I went ahead and uploaded an idea I had. Apparently its only IE5+ but it seems ideal.

http://dustytech.com/examples/scrollytable.php

I can't get rid of the horizontal scroll-bar on FF. The page is wiki-editable so if someone else has a solution please update it.

Fladimir da Gorf
Member #1,565
October 2001
avatar

In HTML: <td nowrap></td>
In XHTML: <td nowrap="nowrap"></td>

Though I'm not sure if it's in strict XHTML.

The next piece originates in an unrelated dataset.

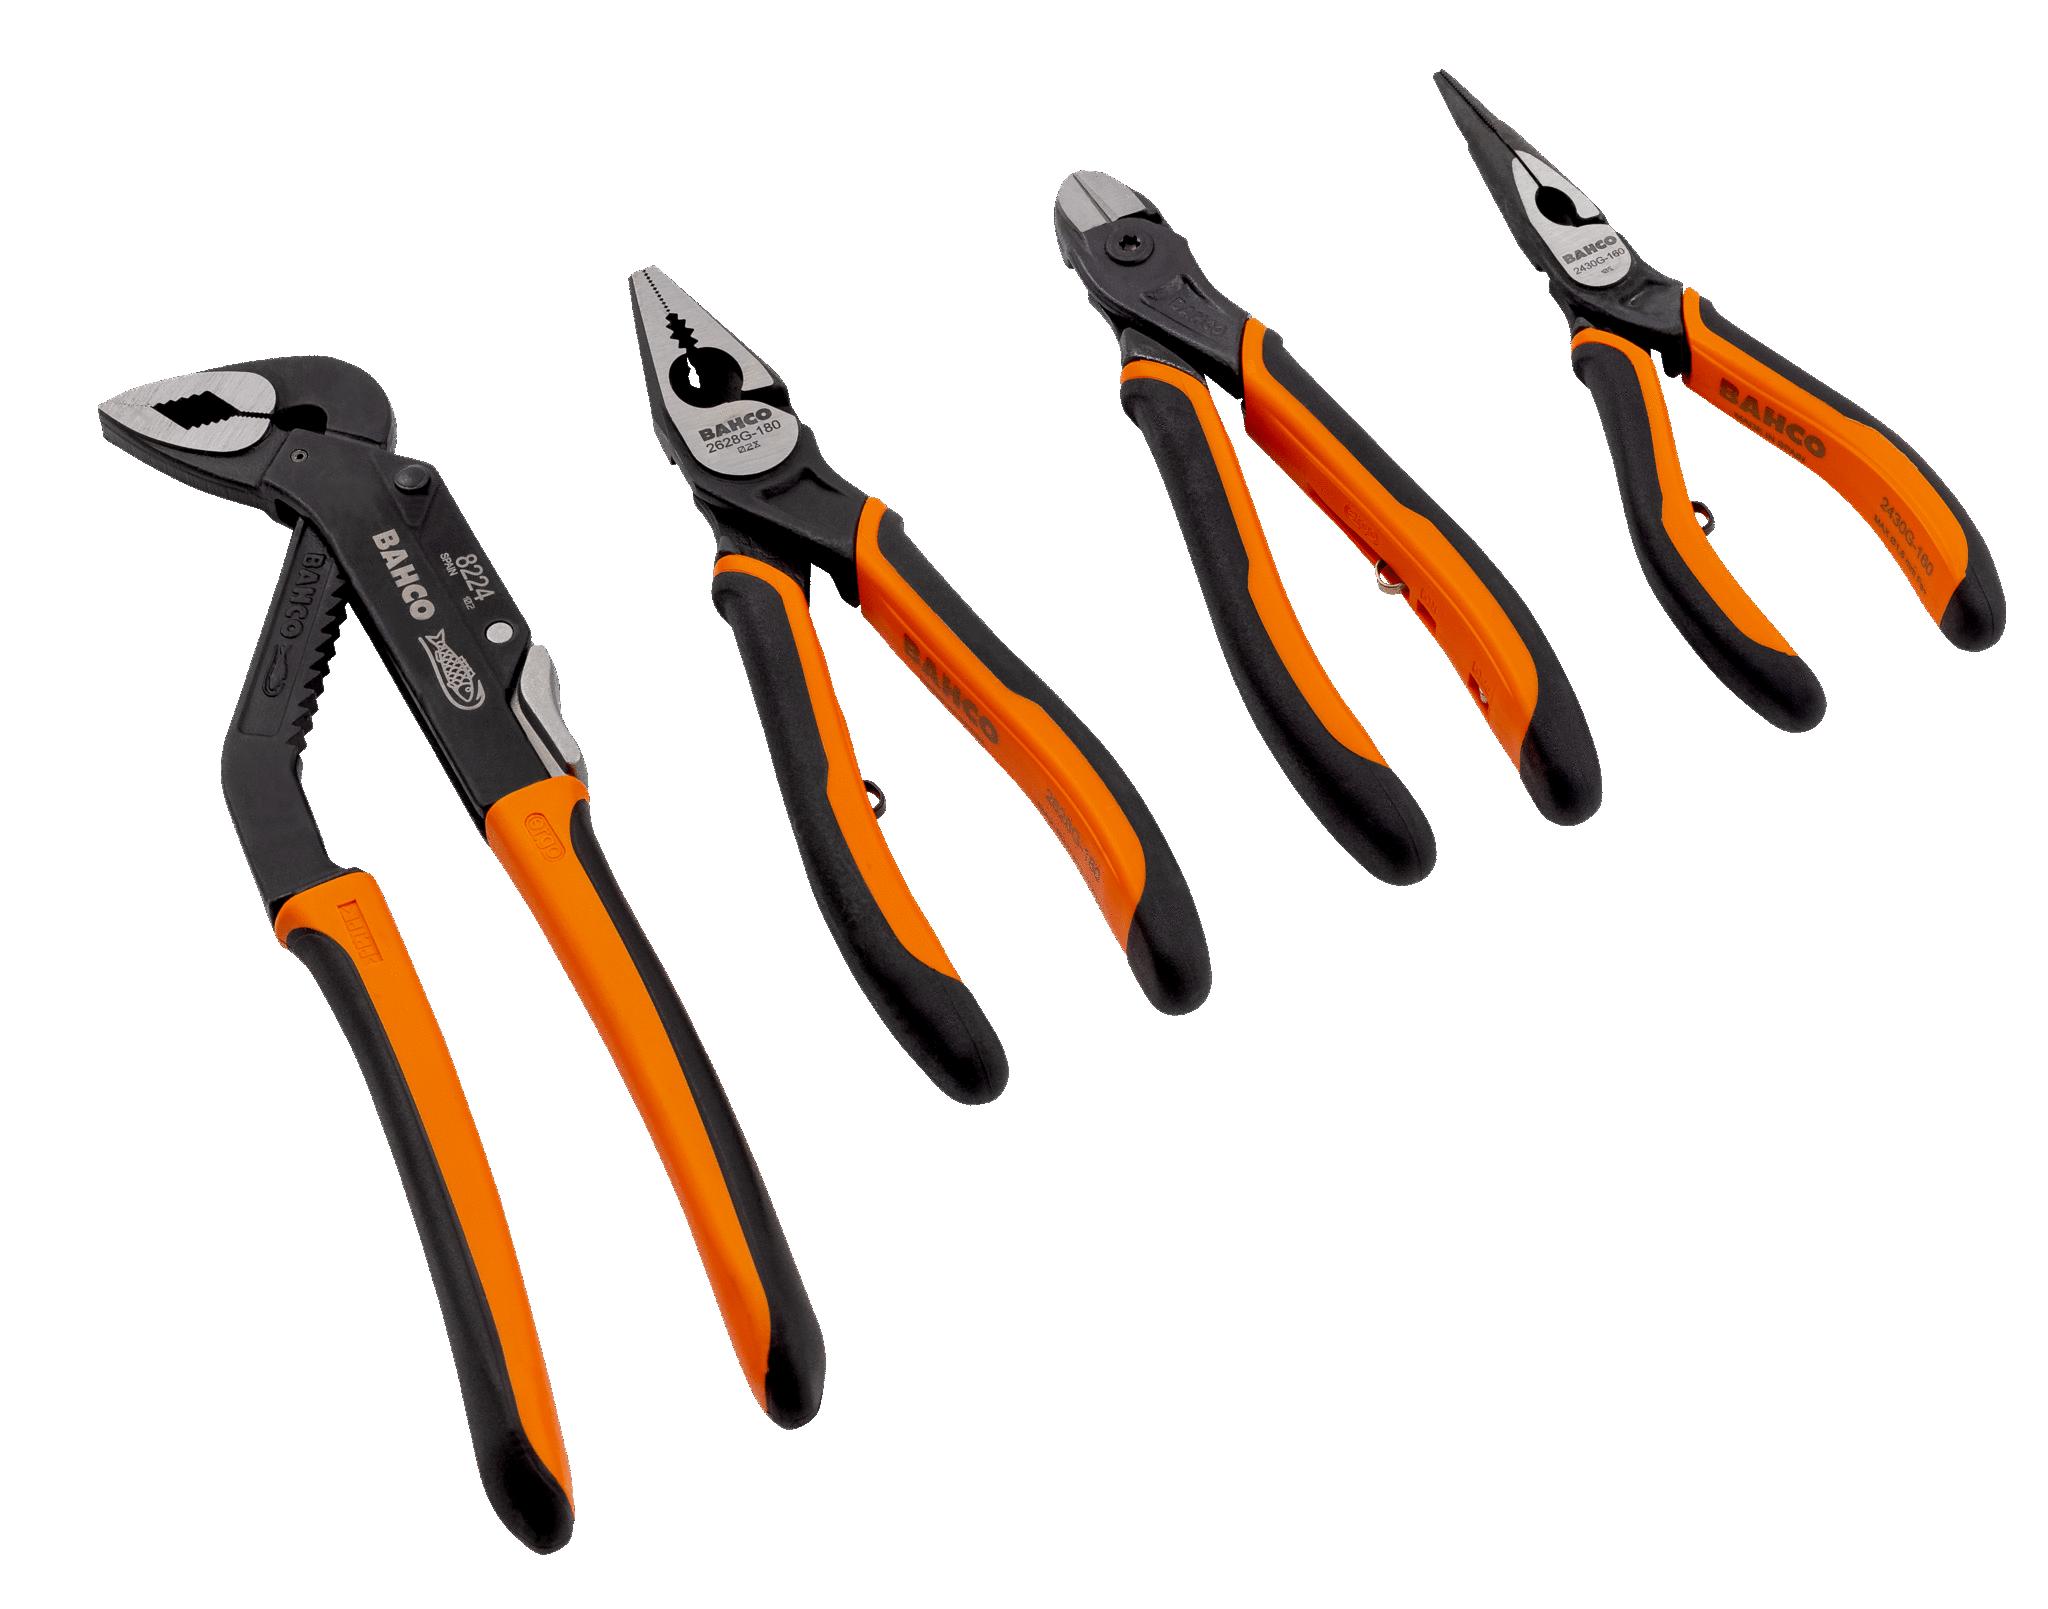 Plier Tool

OpenLayer has reached a random SVN version number ;) | Online manual | Installation video!| MSVC projects now possible with cmake | Now alvailable as a Dev-C++ Devpack! (Thanks to Kotori)

Matthew Leverton
Supreme Loser
January 1999
avatar

Quote:

I went ahead and uploaded an idea I had. Apparently its only IE5+ but it seems ideal.

It looks like the same thing I suggested... But I don't think anything except Firefox supports that. I know IE7 doesn't.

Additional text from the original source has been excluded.